Students who are passionate about philosophy need to be encouraged to think about where outside the academy they can nurture this passion — not given the sense that a non-academic career is somehow unphilosophical, or even that a life outside the academy will be significantly less philosophical than the career of the average faculty member.Report
I just posted this over at Feminist Philosophers. Figured I’d post it here too, even though many have made similar points.
Speaking as a professional philosopher who’s from the “lower orders” (I think?–I have a working class background, but I didn’t live in Dickens-esque poverty or anything), I’m somewhat baffled by the penultimate paragraph of this post. Although I’ve never had anyone tell me that I should pursue academic philosophy only if I can’t imagine a different life that’s both “worthwhile” and personally satisfying, I was told that I should pursue academic philosophy only if I can’t imagine a different life that’s personally satisfying. This was one of the best pieces of advice I received. I continue to say something similar to my students, especially students who share a similar background, as much as this might irritate Prof Manners.
Prof Manners acknowledges that poorer students who pursue professional philosophy are “taking a big risk and chance.” I think this is an understatement. The odds of finding full-time work in academic philosophy are vanishingly small, and Prof Manners doesn’t seem to appreciate the immense risk that this imposes on people from poorer backgrounds. I’m sure she understands on some level, but I just get the sense that she doesn’t truly appreciate it. In my case, I’m the first person to earn a higher degree in my family. My father doesn’t have a degree at all and works a blue collar job. And yet I make much less money than my dad. I have very little financial security. I’m in my 30s and if my contract isn’t renewed for next year, then either I very quickly find a full-time job in a completely different line of work in a city that I don’t really know (unlikely), or I literally move across the country, at great cost, into my parents’ basement (more likely).
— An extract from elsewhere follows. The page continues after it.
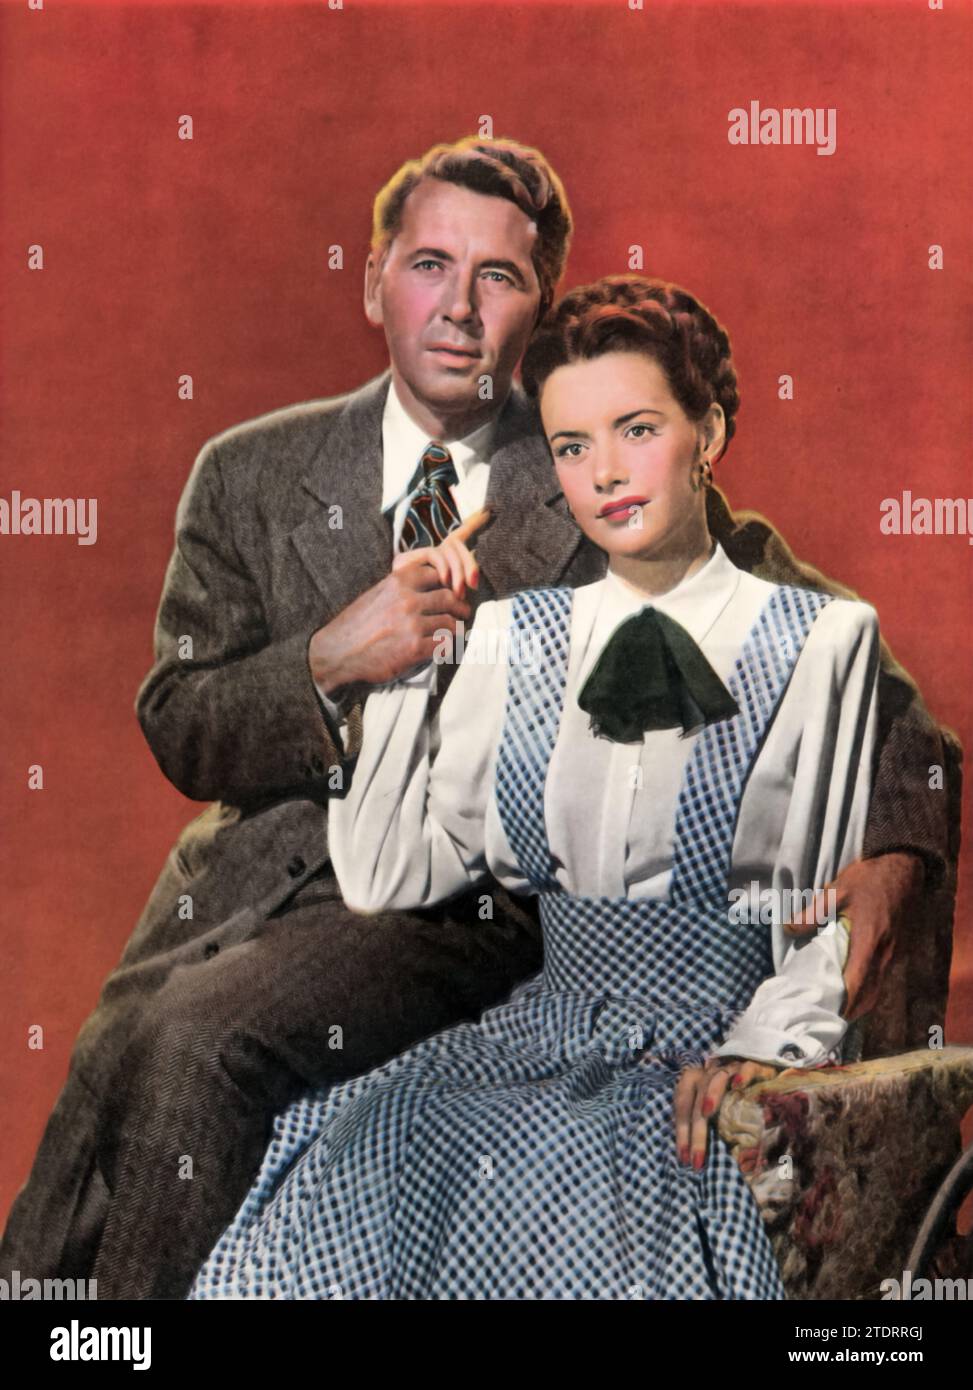 Susan Peters, pictured in a wheelchair beside co-star Alexander Knox on the set of 'Sign of the Ram' (1948), following her severe hunting accident. The film centers around Leah St. Aubyn, played by Peters, a wheelchair-bound matriarch who uses cunning and manipulation to dominate her family, leading to unexpected and dramatic consequences. Peters' portrayal, informed by her personal challenges, adds a gripping and authentic dimension to this family drama. Stock Photo

I personally know people who were faced with these sorts of options. And people from wealthier backgrounds would have many more options, needless to say.
When I tell my students that they should pursue professional philosophy only if they can’t imagine being satisfied in a different line of work, this will probably keep more poorer students from entering the discipline. I don’t think this is necessarily a bad thing, since those students are more vulnerable and will be taking a significantly greater risk by entering the discipline. It’s altogether appropriate that they think harder before embarking. This won’t change until there are substantially more full-time jobs available. (That said, I’d obviously love more “class diversity” amongst full-time philosophy professors. I’m one of the few I know whose parents weren’t in the “professional class.”)
Finally, Prof Manners writes: “My bet is that life has trained them [students from the ‘lower orders’] to a greater imaginative flexibility about possible lives they could lead, so implying that philosophy needs to be the one and only inadvertently advertises class expectations they won’t as easily meet.” With respect, I have a very difficult time understanding this remark. Growing up, the idea of being a philosophy professor would have been considered far-fetched at best, like being a movie actor or something. In fact, almost none of my friends had parents who were in the “professional class” and so the idea of becoming even a doctor or lawyer or banker seemed far-fetched. If anything, I’d say that most of us had much less imaginative flexibility about possible lives to lead, for the simple reason that our options were much more limited.
I hope this comment doesn’t sound self-pitying. I know many people with philosophy PhDs who have been in worse positions. And I’m basically happy with my life. I get to be a professional philosophy professor after all. Most of the time, I still find it difficult to imagine a satisfying life in a different line of work (really it depends on how much grading I have to do).Report
Hi, Philodemus. I also posted this at FP but in case you don’t see it there, sorry what I said seemed so off-putting. The comment that especially bothered you about imaginative flexibility was more in line with something like the following. For my own part, it seems strange to be told that things might not work out as I’d hope since I never imagined or took for granted otherwise. By imaginative flexibility, then, I just meant that the possibility of not getting what one wants and thus mental readiness to try alternatives is perhaps more familiar to those not in the “higher orders.” But I can see now the direction that comment took for you too and agree about that. The possibilities that seem live can be much more constricted so that the reach for even imagining oneself with a Ph.D. is far. I don’t know that it helps contextualize my perspective but for what it’s worth, I’m not standard issue either, nor was my trajectory into higher ed and eventually a job tidy.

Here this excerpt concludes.